§ **Exercise**: Exact reproduction of all the data is required, with pictures excluded.

§ **Information provided**:
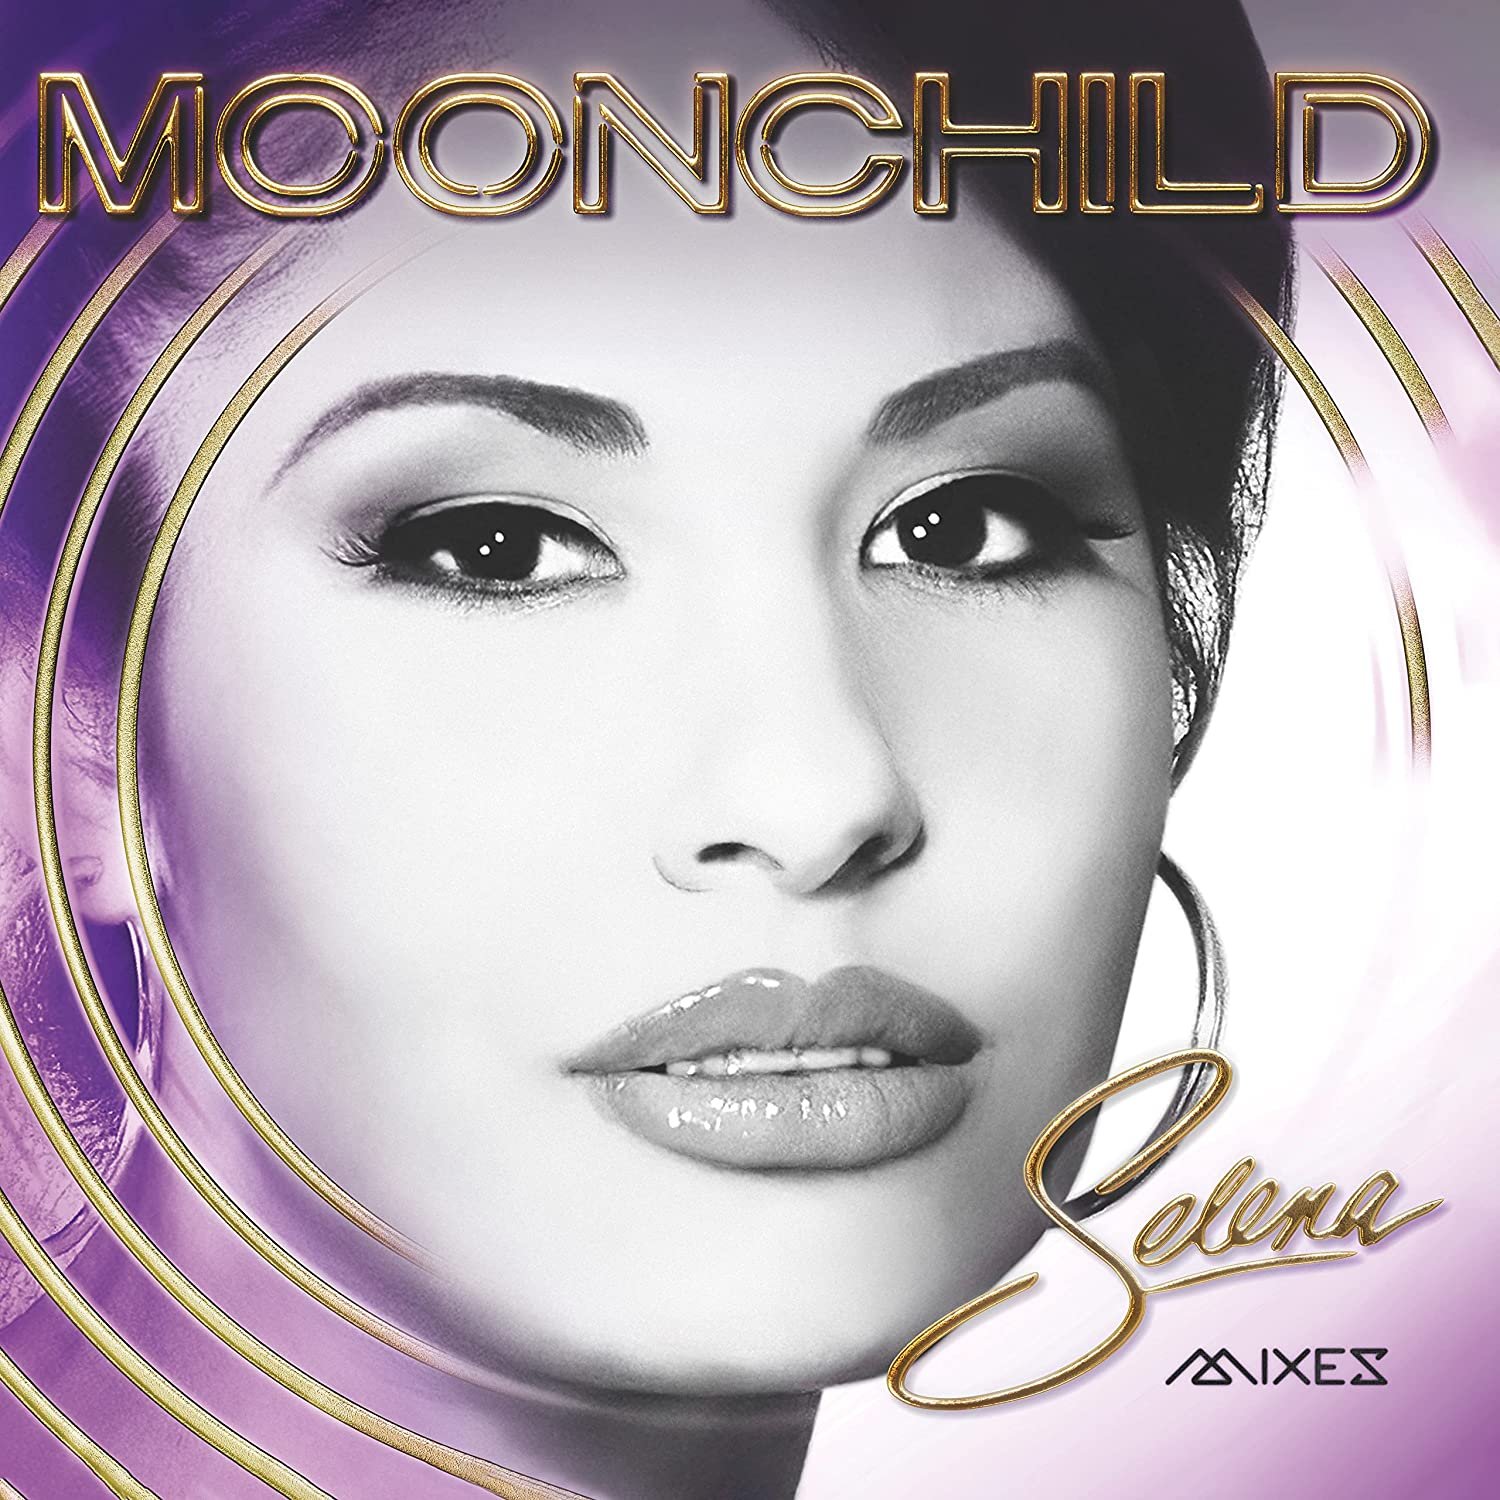 Selena-Moonchild Mixes-ES-CD-FLAC-2022-PERFECT
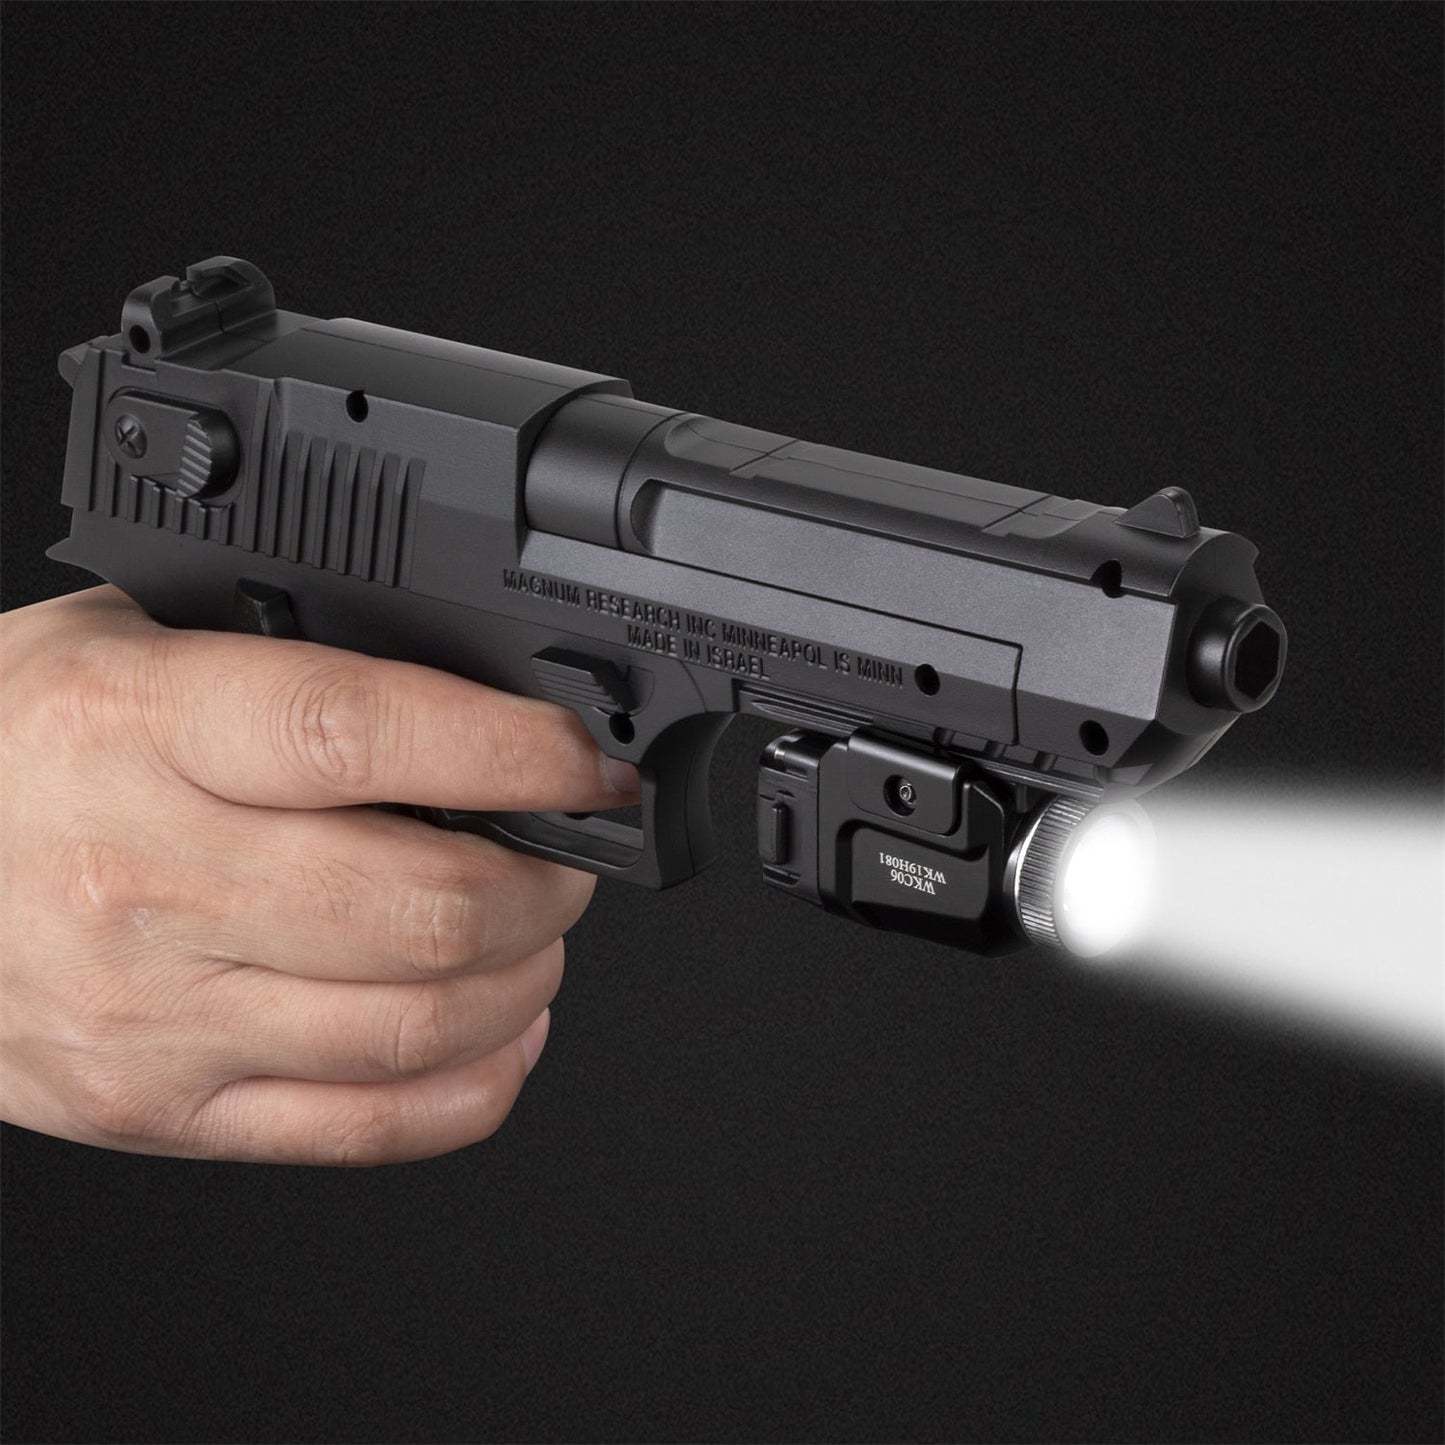 Mini lampe de poche pistolet WKC06 Cree XPL batterie CR123A 500 Lm - ACTION AIRSOFT
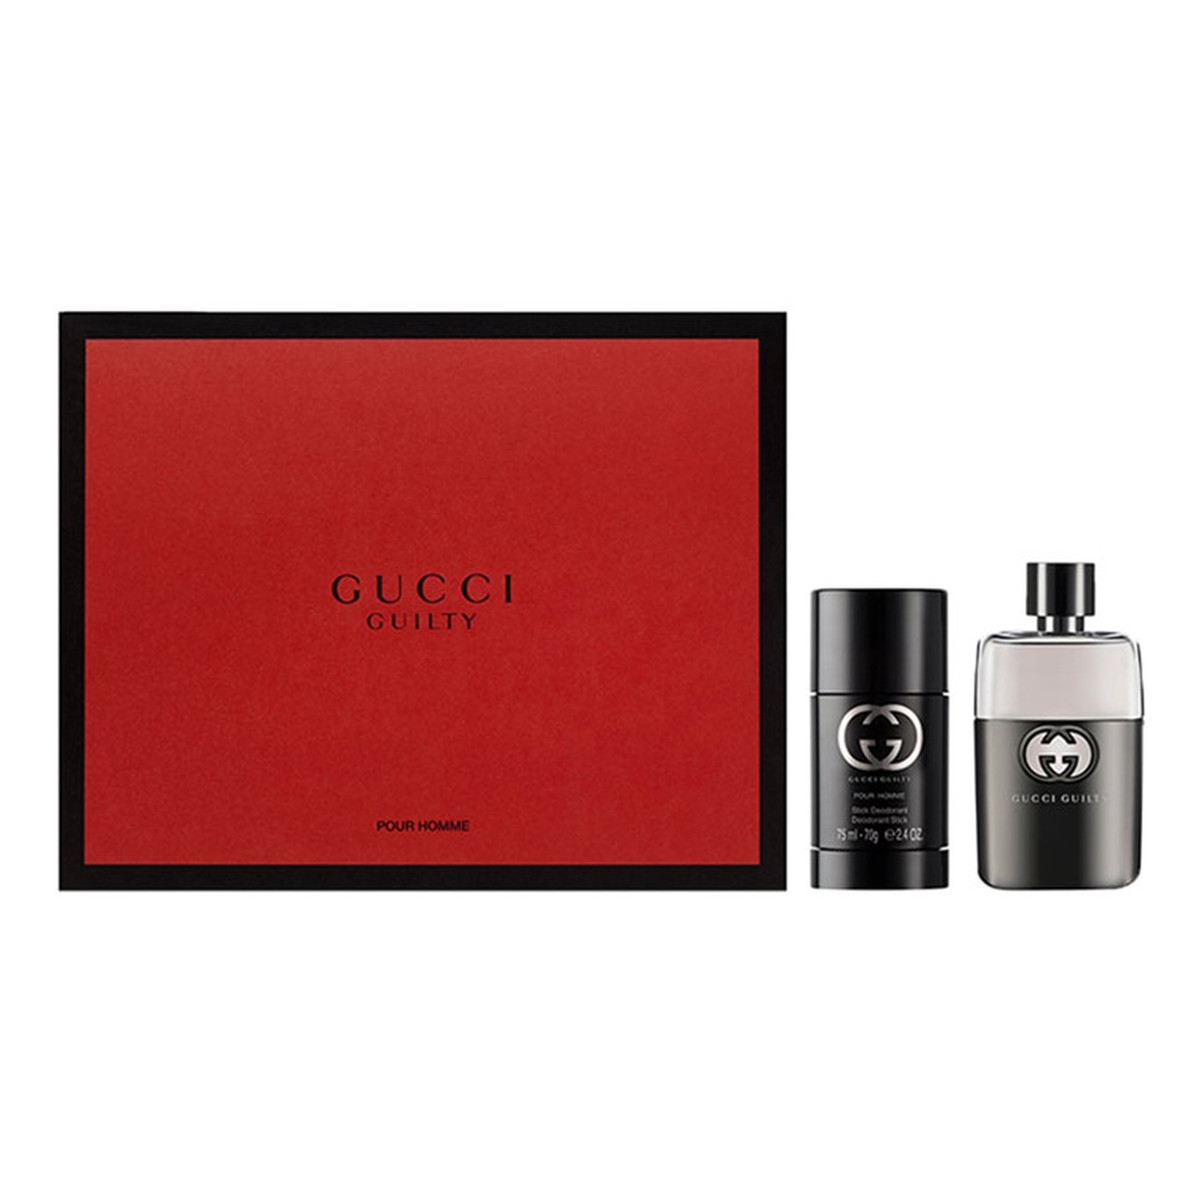 Gucci Pour Homme zestaw (woda toaletowa 50ml + dezodorant sztyft 75g)

§ **Completed exercise**:
 Selena-Moonchild Mixes-ES-CD-FLAC-2022-PERFECT
 Mini lampe de poche pistolet WKC06 Cree XPL batterie CR123A 500 Lm - ACTION AIRSOFT
 Gucci Pour Homme zestaw (woda toaletowa 50ml + dezodorant sztyft 75g)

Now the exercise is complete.